**ASSIGNMENT**: Taking the line with "Cheetah run, mountain-man" as the first and the last line of the listing as the final one, please copy exactly those lines and no others, without pictures.

=== COLLECTED MATERIAL ===

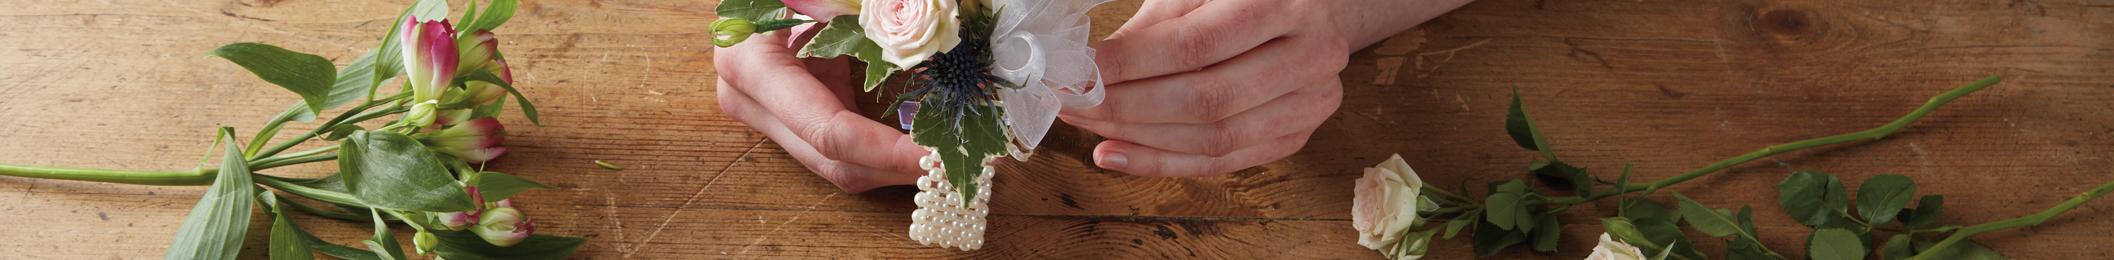 Floral & Craft
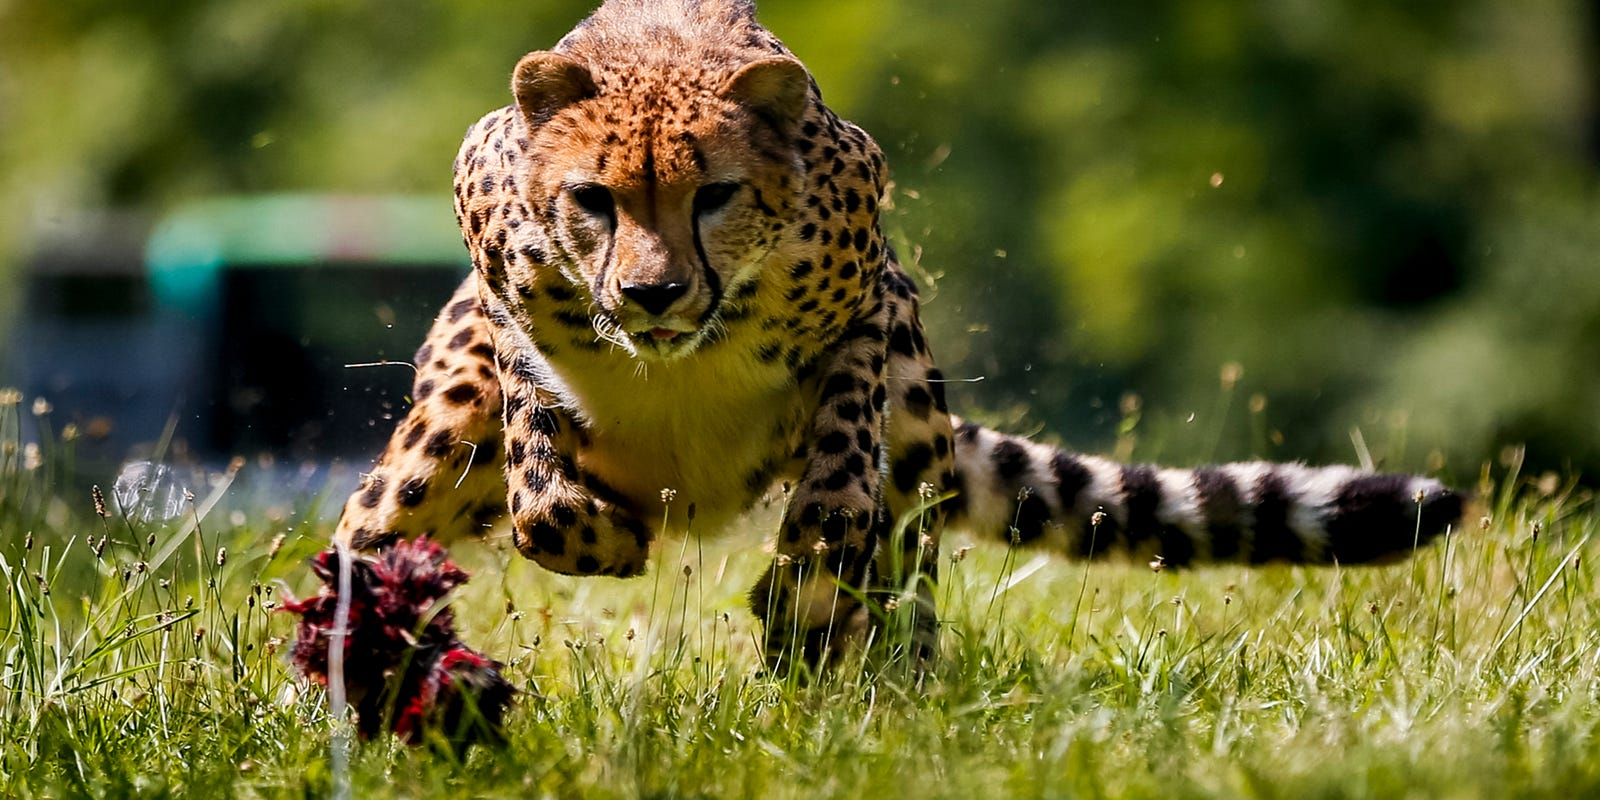 Cheetah run, mountain-man biathlon, prodigal emu: News from around our 50 states
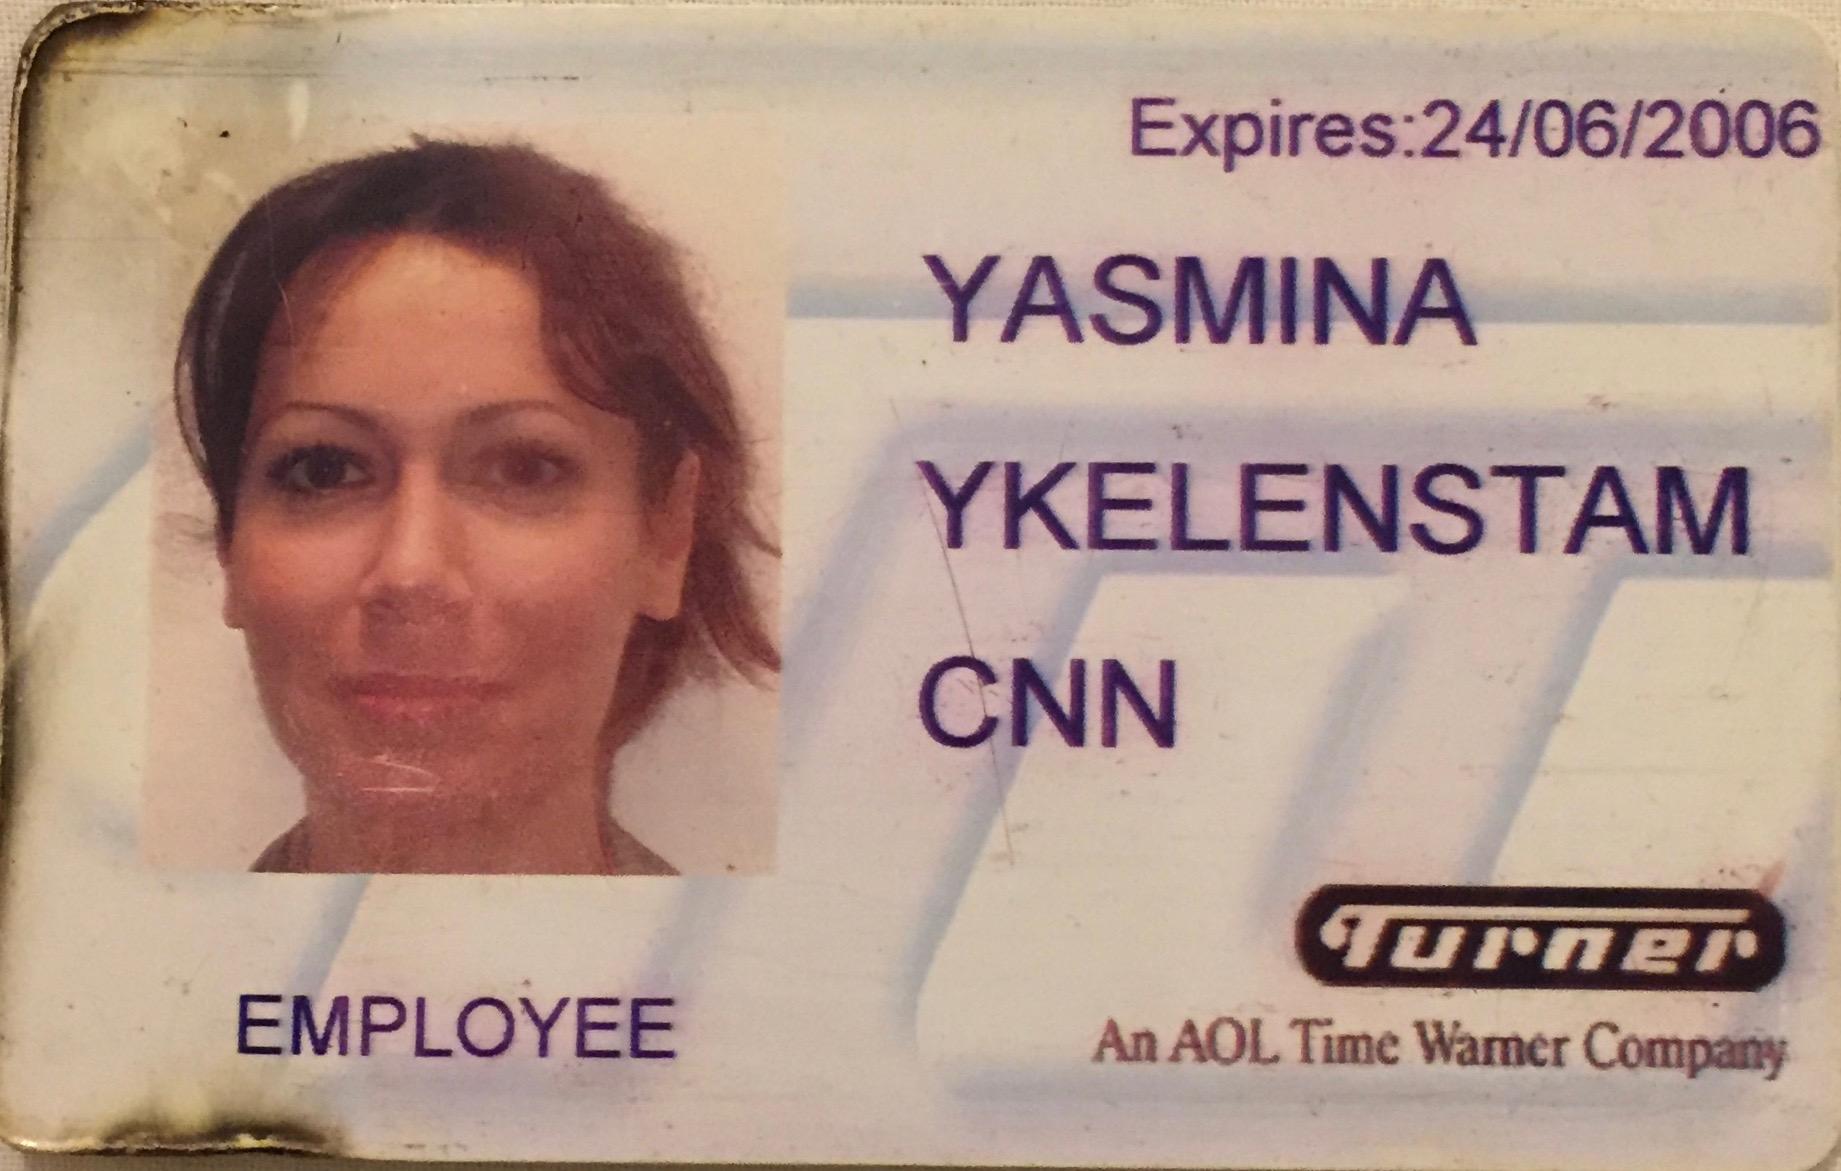 yasmina ykelenstam CNN

===

**WRITTEN ANSWER**:
 Cheetah run, mountain-man biathlon, prodigal emu: News from around our 50 states
 yasmina ykelenstam CNN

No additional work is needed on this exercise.